[WORK TO COMPLETE] When you reach a picture, pass over it; otherwise repeat the listing word for word.

---- SUPPLIED MATERIAL

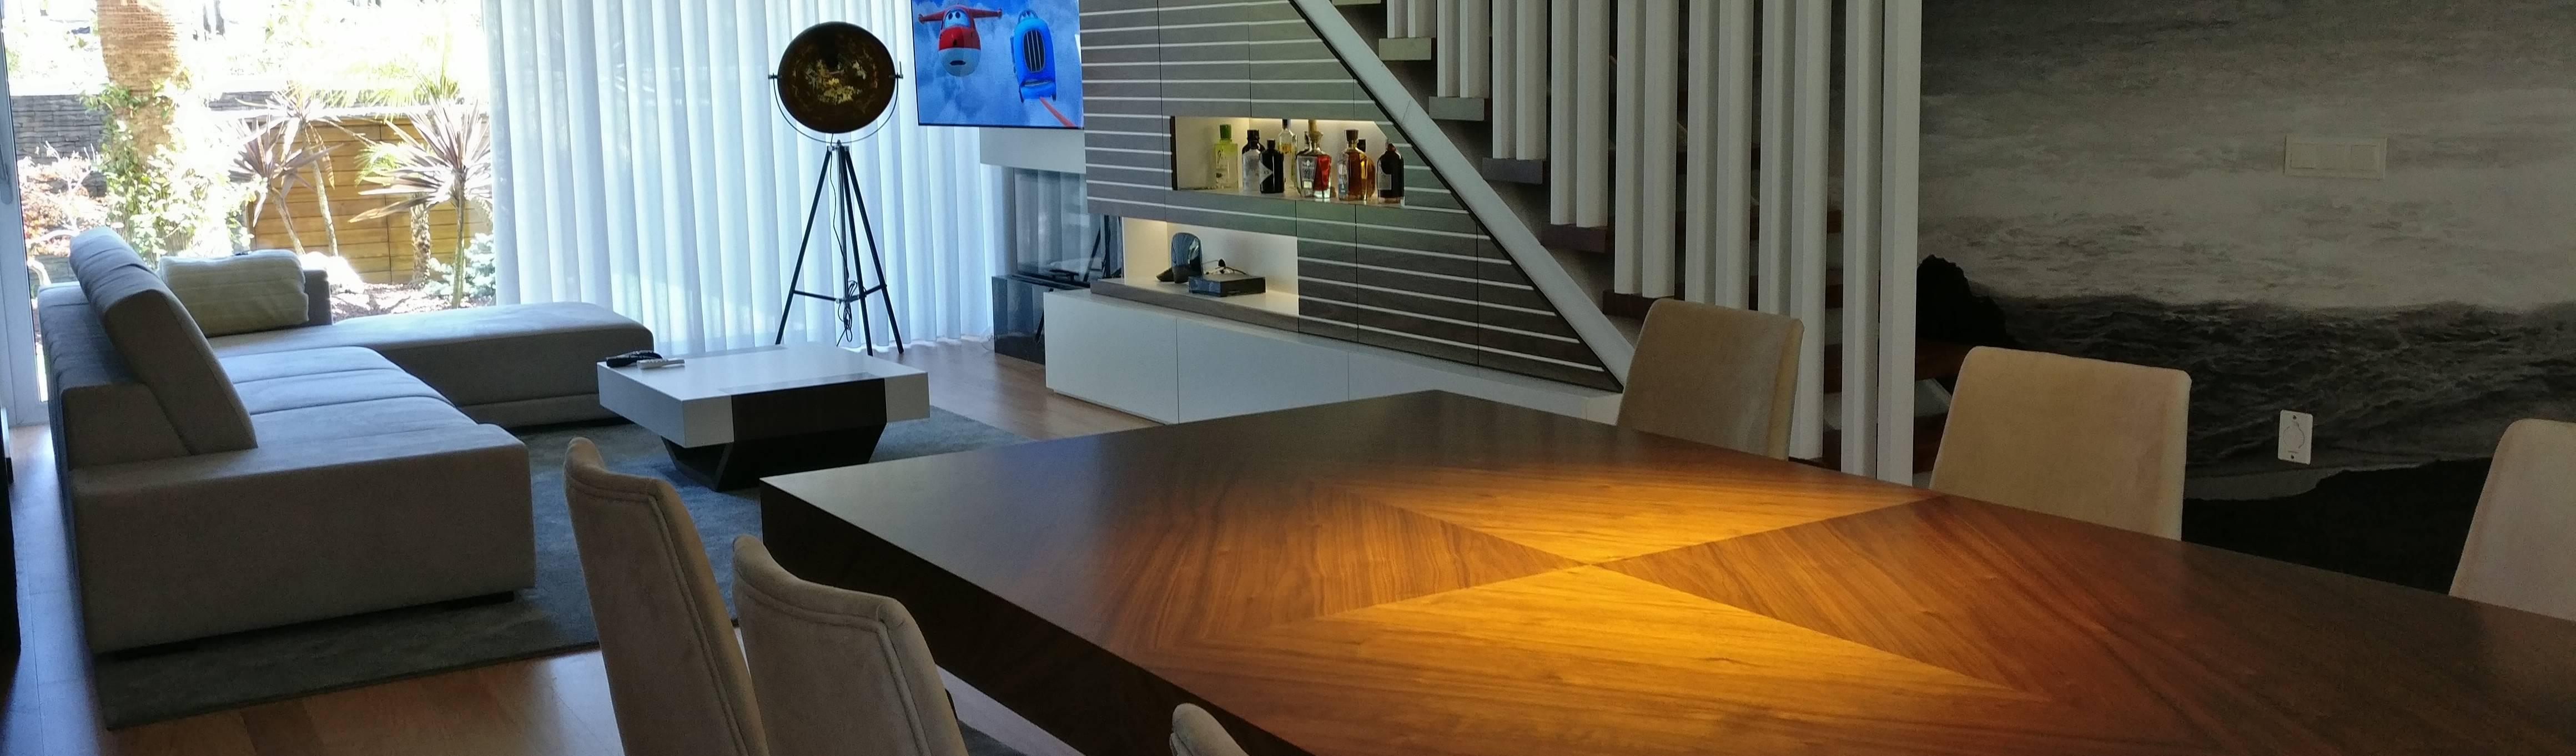 Angelourenzzo – Interior Design
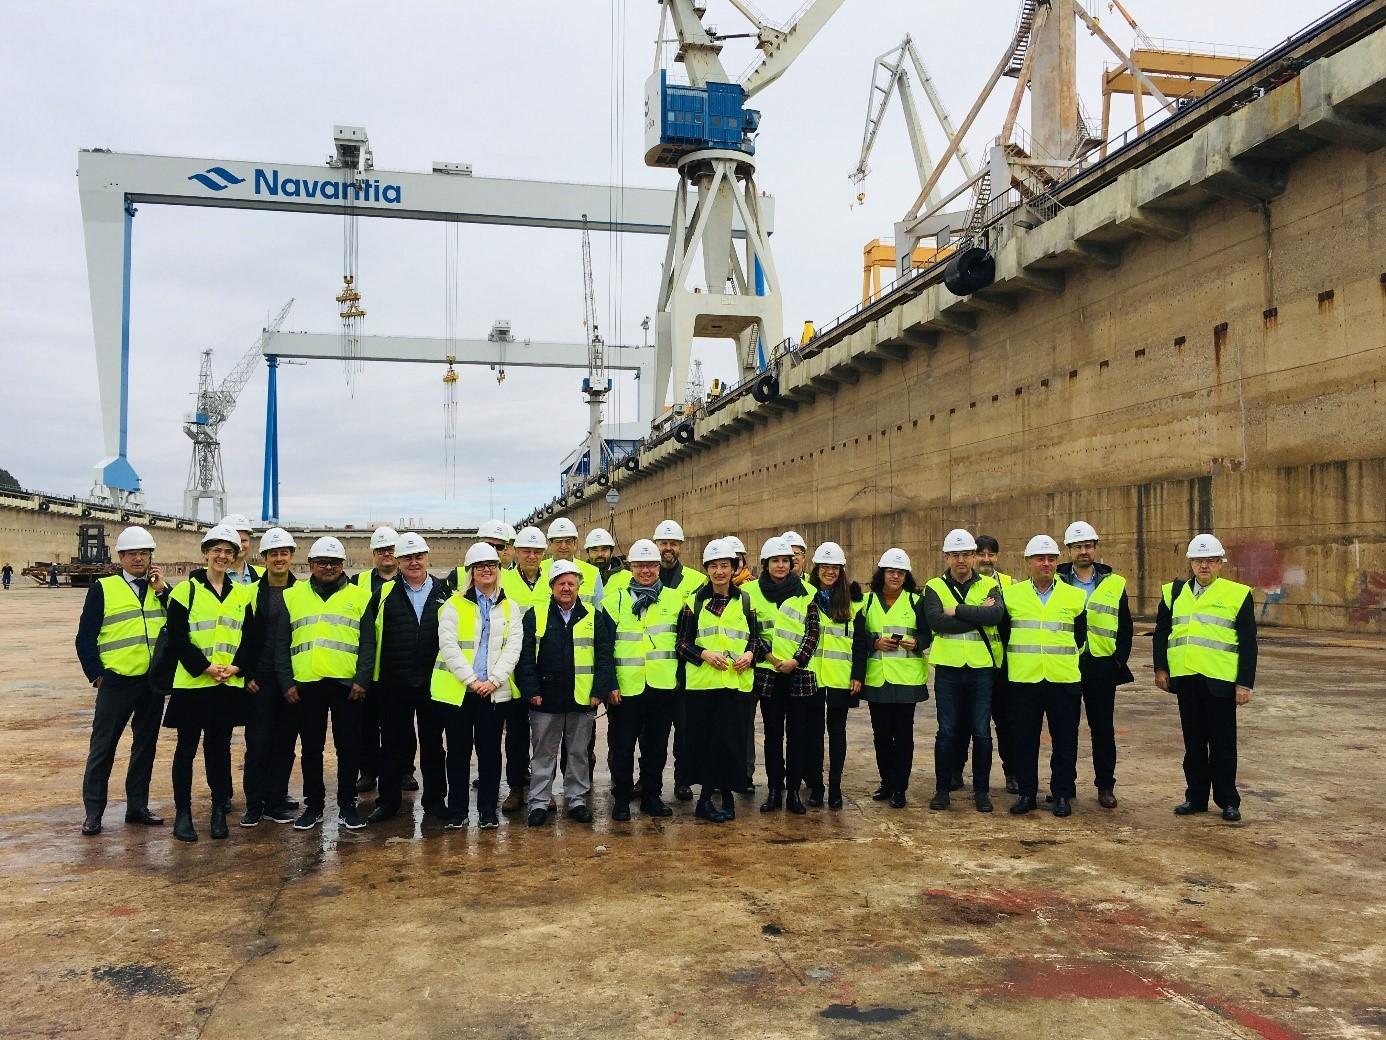 USWE visit to Navantia Shipyard
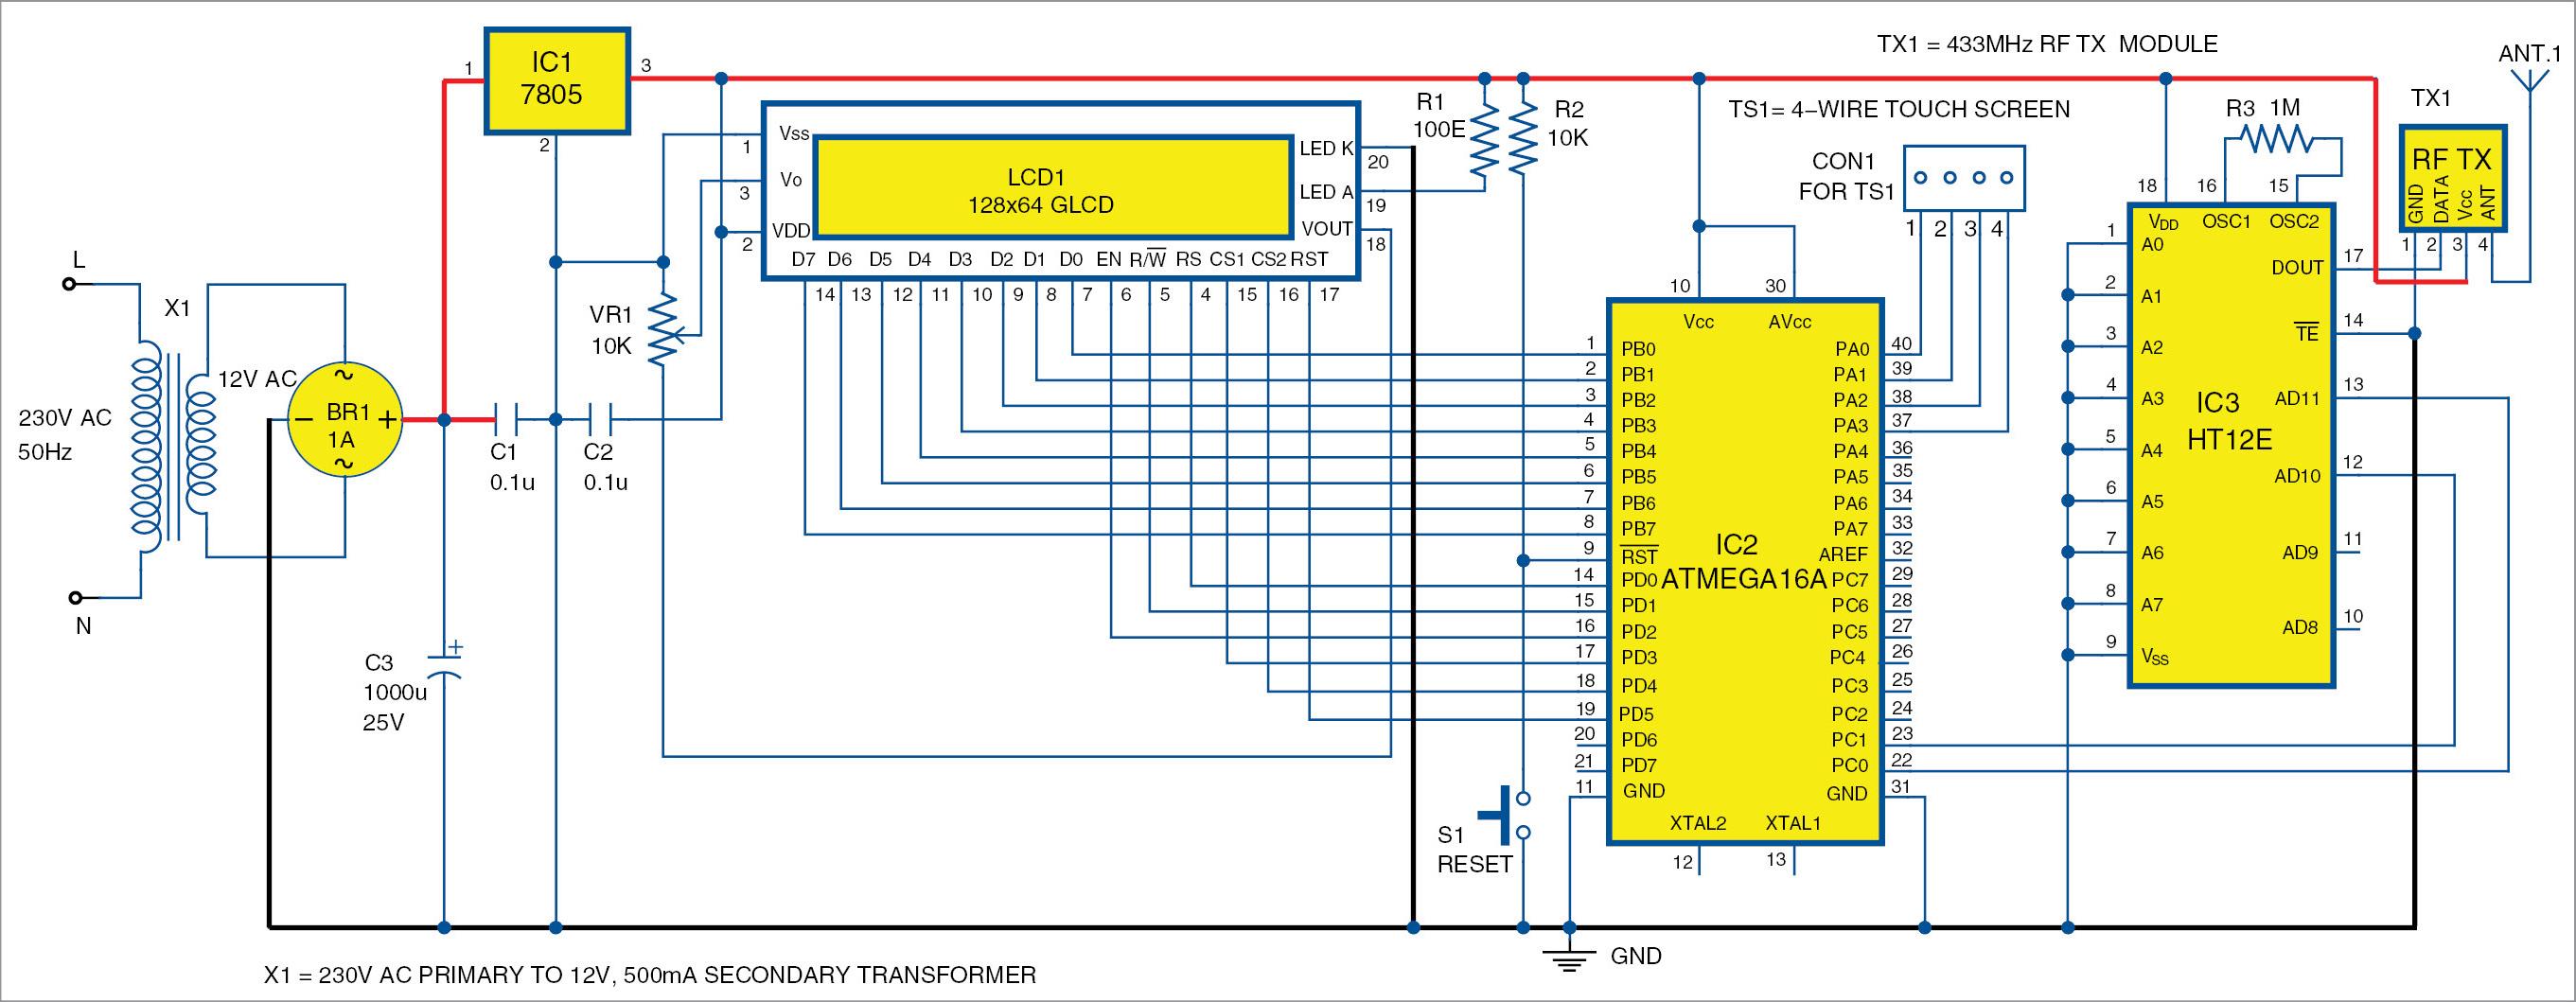 Circuit diagram of the transmitter

--------

[WRITTEN RESPONSE]
 Angelourenzzo – Interior Design
 USWE visit to Navantia Shipyard
 Circuit diagram of the transmitter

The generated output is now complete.